Monday, December 18, 2006

Idle threat of the week

The panel of judges is known to appreciate a good sport's fight. Basketball brawls always move to the top of the list because basketball players -- who don't hide behind helmets or caps or race cars -- are our most recognizable athletes. When the b-ballers go at it, it's like you're back in high school witnessing a three o'clock showdown.

When we got together yesterday we discussed our favorite basketball fights: Dr. J pounding on Larry Bird as a young Charles Barkley held Bird back, an older Charles Barkley rolling around on the court with comic book villain Bill Laimbeer and, of course, everybody's personal favorite of Larry Johnson and Alonzo Mourning matching frenzied combinations as the middle-aged and balding coach Jeff Van Gundy held on for dear life.

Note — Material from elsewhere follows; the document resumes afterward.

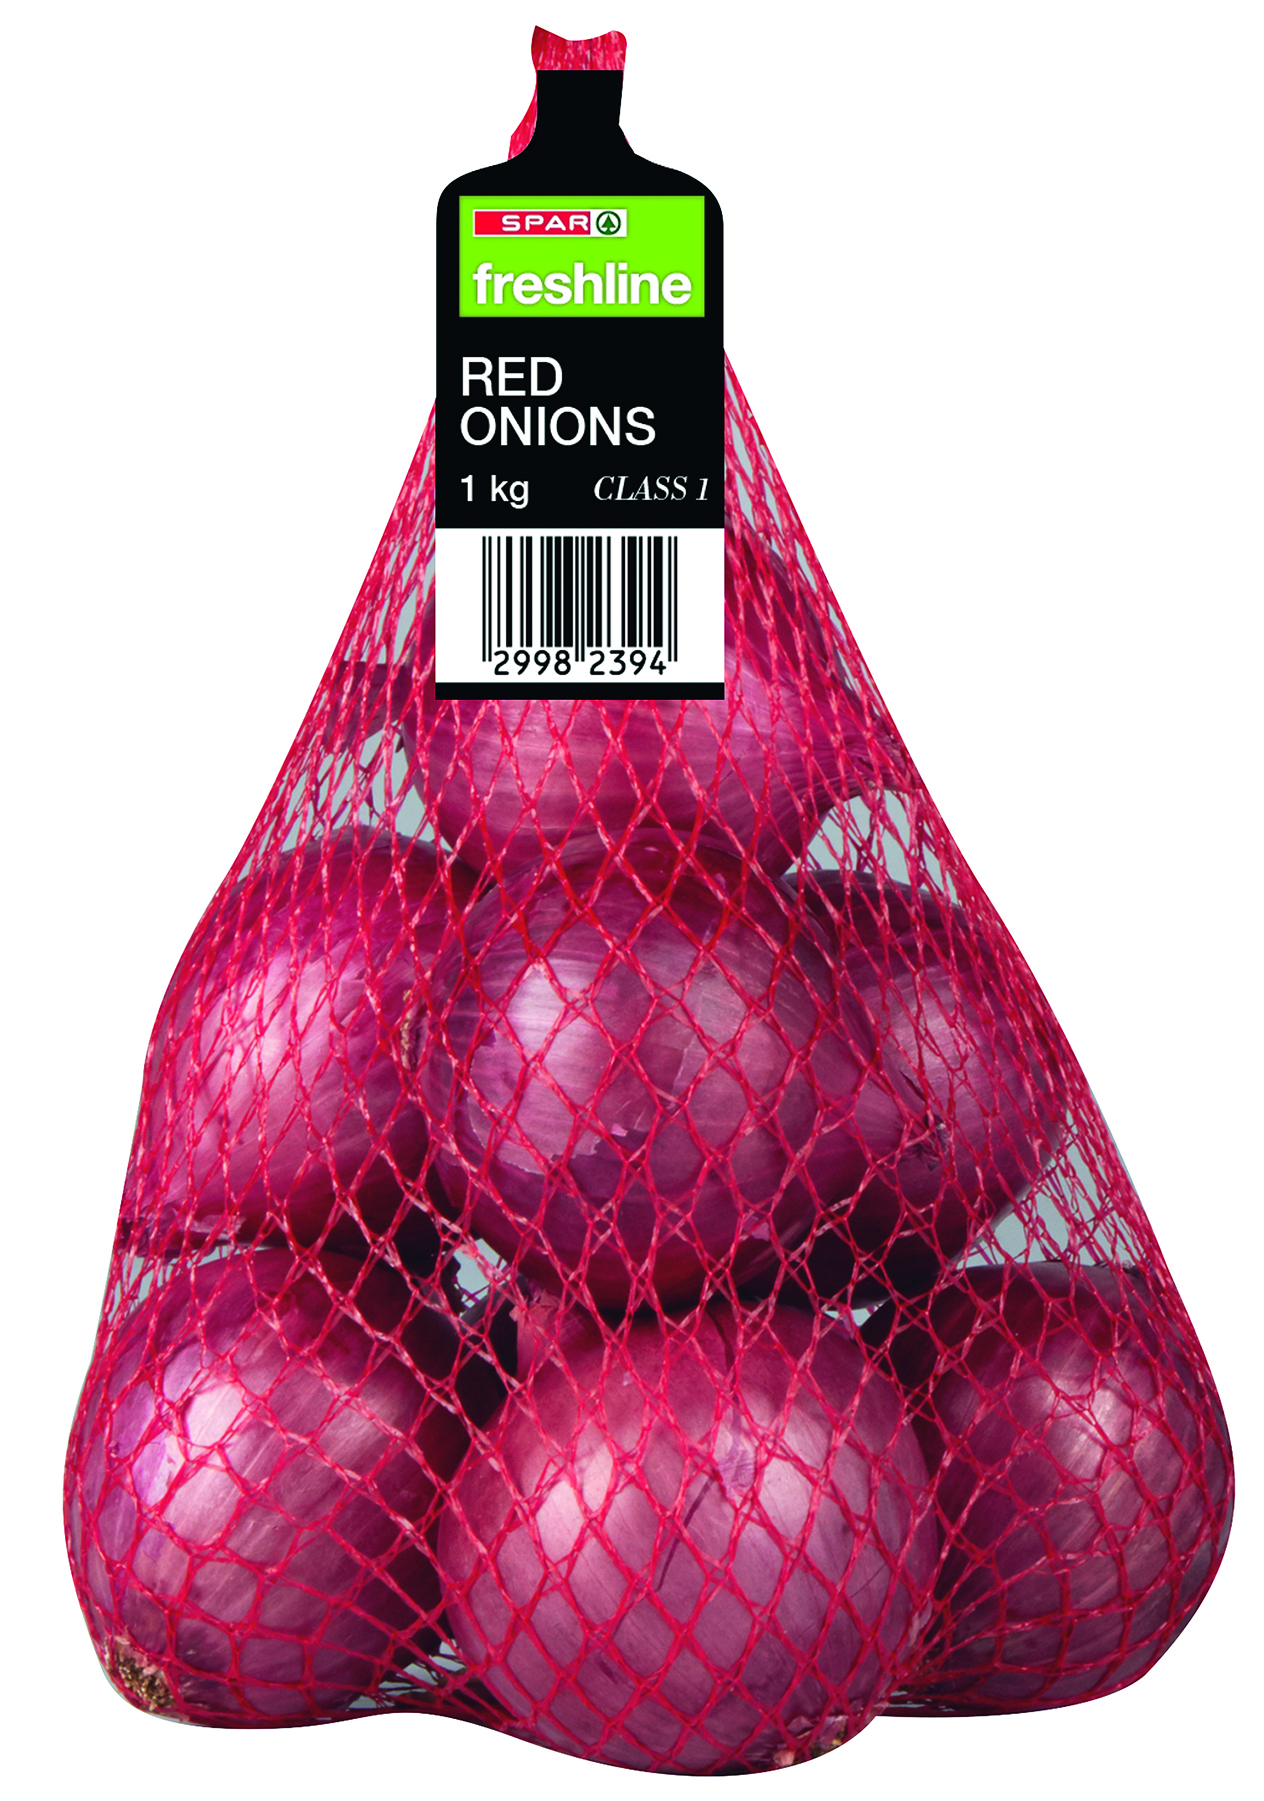 freshline red onions

All those fights were battles between big game players in big games. They were quick explosions of raw, unpracticed emotion. The punchs thrown were just as likely to break the puncher's hand or separate his shoulder as they were to do damage to the intended target.

And then there was what
went on Saturday night at Madison Square Garden between the New York Knicks and Denver Nuggets.

In a pathetic display of premeditation and posturing the centerpiece of this pointless, rambling brawl was the technically sound sucker punch Denver Nugget and NBA scoring leader Carmelo Anthony landed on Mardy Collins, who had instigated the brawl with a hard, illegal foul on Anthony's teammate JR Smith.

Not only was Collins fully restrained when Anthony landed the punch -- a good twenty seconds after the initial foul -- but Anthony began backing away immediately after the punch landed. To make matters worse, the Knick player who pursued Anthony after he started to back peddle was Jared Jeffries, arguably the skinniest player in the league.

So you have Anthony, who has always presented himself as a "from the streets" tough guy, punching a defenseless man and then fleeing from a stick figure -- not his proudest moment.

In another unfortunate twist the main escalator of the brawl was Nate Robinson. Most suspect the 5'6 guard jumped in not for love his teammates, but for the Napoleonic issues he tends to work out publicly -- previously with foolish attempts at dunks.

The NBA's two decade long slide from substance to style has been well-documented. It now appears the once hallowed basketbrawl has also fallen victim to this transformation.

Anytime grown men put up their dukes without a chance of serious injury you are witnessing the definition of an idle threat.

For that we can award the Denver Nuggets and New York Knicks the Idle Threat of the Week for December 11-17. It is certainly the highest accolade the Knicks will garner this season.

Bonus Video: The NBA's top ten fights. (This was before the '04 brawl in Auburn Hills)

Update: 15 games for Anthony seems harsh. Ten for JR Smith seems unfair -- especially with Nate Robinson getting the same ten. Not content just to ruin the Knicks season it looks like Isiah Thomas' sore-loser thugishness has ruined the Nuggets' season too. The man is incorrigible.

Update 2: Bill Simmons thinks Isiah wasn't suspended because that makes it harder for Dolan to fire him (you probably can't fire or trade -- for that who's getting Iverson matter -- a suspended player or coach.) That's the best explanation for why-in-the-world-wasn't-Isiah suspended that I've heard.